Back at the Ssangmun-dong street market, Sang-woo’s mother receives a call from her son telling her he’s in the United States for business. She hangs up when a customer arrives at the shop asking for squid (get it?). While she’s boasting about how amazing her son is, two police officers walk in looking for Sang-woo. They inform her that he’s being charged with multiple financial crimes and is currently on the run.

In his apartment, Sang-woo sits inside the bathtub, fully dressed and surrounded by empty bottles, when someone rings his doorbell insistently. When he gets to the door, a business card is passed underneath it, with three geometric symbols on the front and a date, a time, and a location on the back.

O Yeong-su and Lee Jung-jae in Squid Game
Image via Netflix

The same card is found by Gi-hun at his door, but not before he runs out of options for money and has a chance encounter with player 001. The two of them meet outside a convenience store and chat while drinking and eating uncooked ramen. Player 001 tells Gi-hun he has decided to go back into the game because he doesn’t want to sit around waiting for death to come.

The following day, Gi-hun goes looking for his ex-wife in the hope that she would be willing to help him. But it’s her new husband that offers him the money with the condition that he never comes looking for his daughter again. Gi-hun punches the man and throws the money at him, running off after he realizes Ga-yeong (Cho Ah-in) is at the doorstep looking sadly at her dad.

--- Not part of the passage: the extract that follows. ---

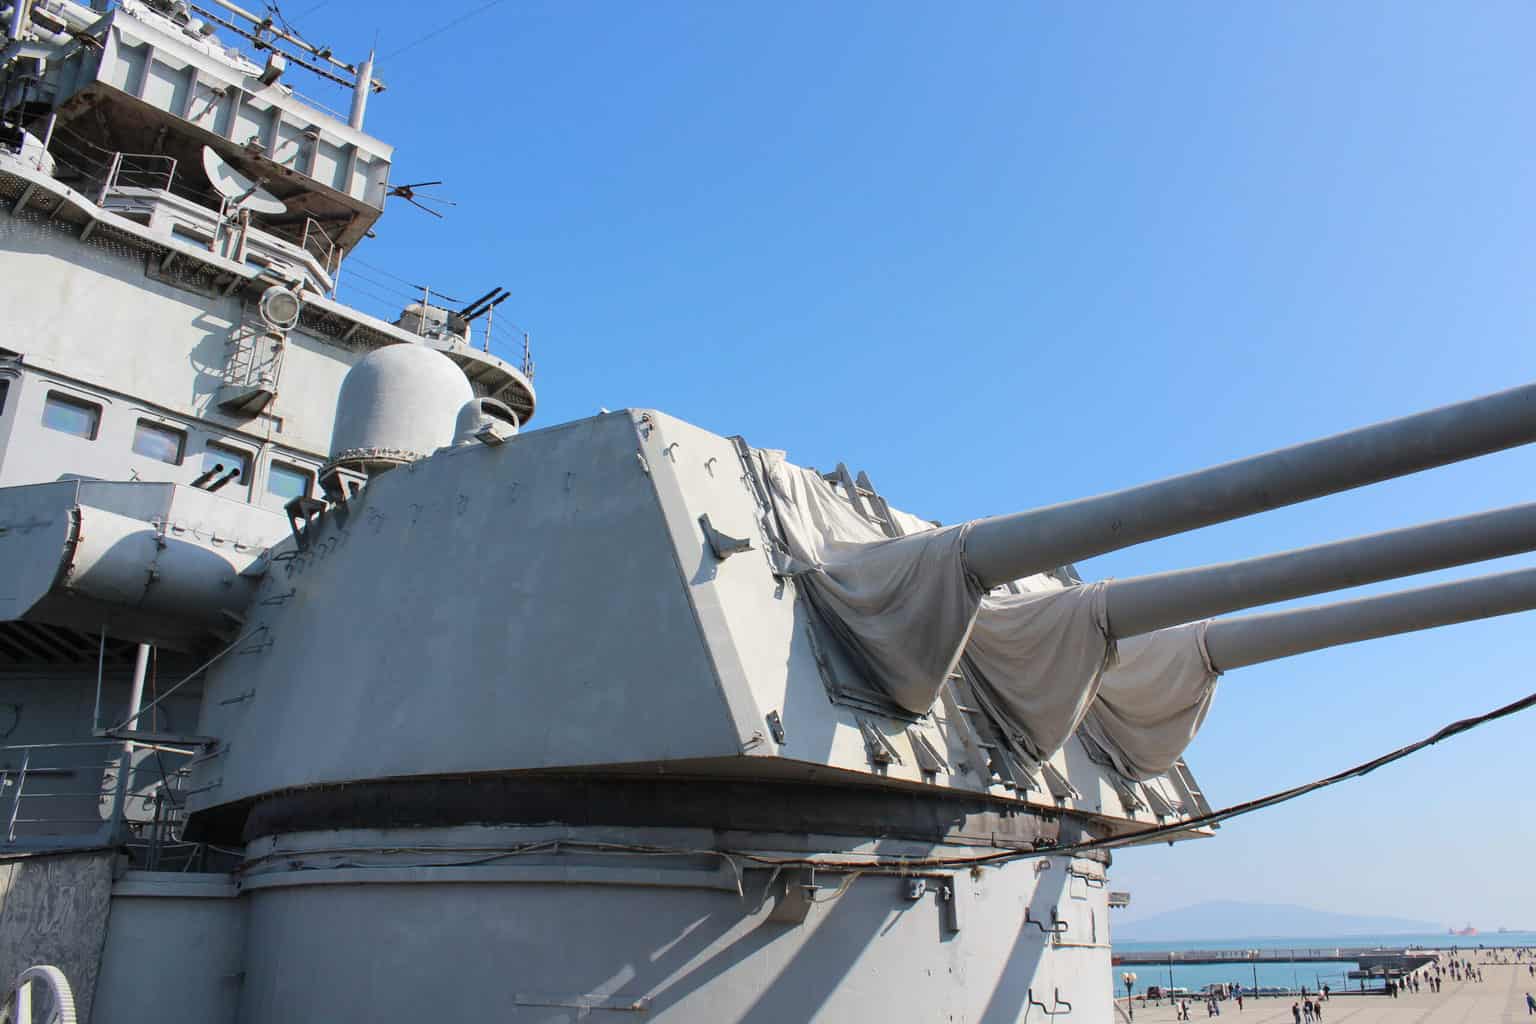 Close up shot of a battleship cannon

When he gets home, he’s approached by a cop that briefly saw him at the police station. The officer introduces himself as Jun-ho (Wi Ha-joon) and explains that he’s looking for his missing brother, who had a card very similar to the one Gi-hun had at the police station in his possessions. Gi-hun refuses to help and, before going inside, sees the card caught between the door and the doorframe.

A still from Squid Game
Image via Netflix

The final scene of “Hell” is a montage of Gi-hun, Sae-byeok, Sang-woo, Ali, Deok-su, and player 001 waiting on the street at night, entering the cars that we now know are taking them to the game station, one of them followed closely by Jun-ho. It’s an interesting scene that suggests there’s some level of identification between those characters, given that they are all broke and desperate, but that they’re also interchangeable to an extent, at least in the eyes of the game masters. In the arena, there is no Gi-hun or Sae-byeok, only numbers, and which number will win doesn’t really matter. To give up their individuality in such a way is a choice all of them made completely by themselves. But was there really a choice?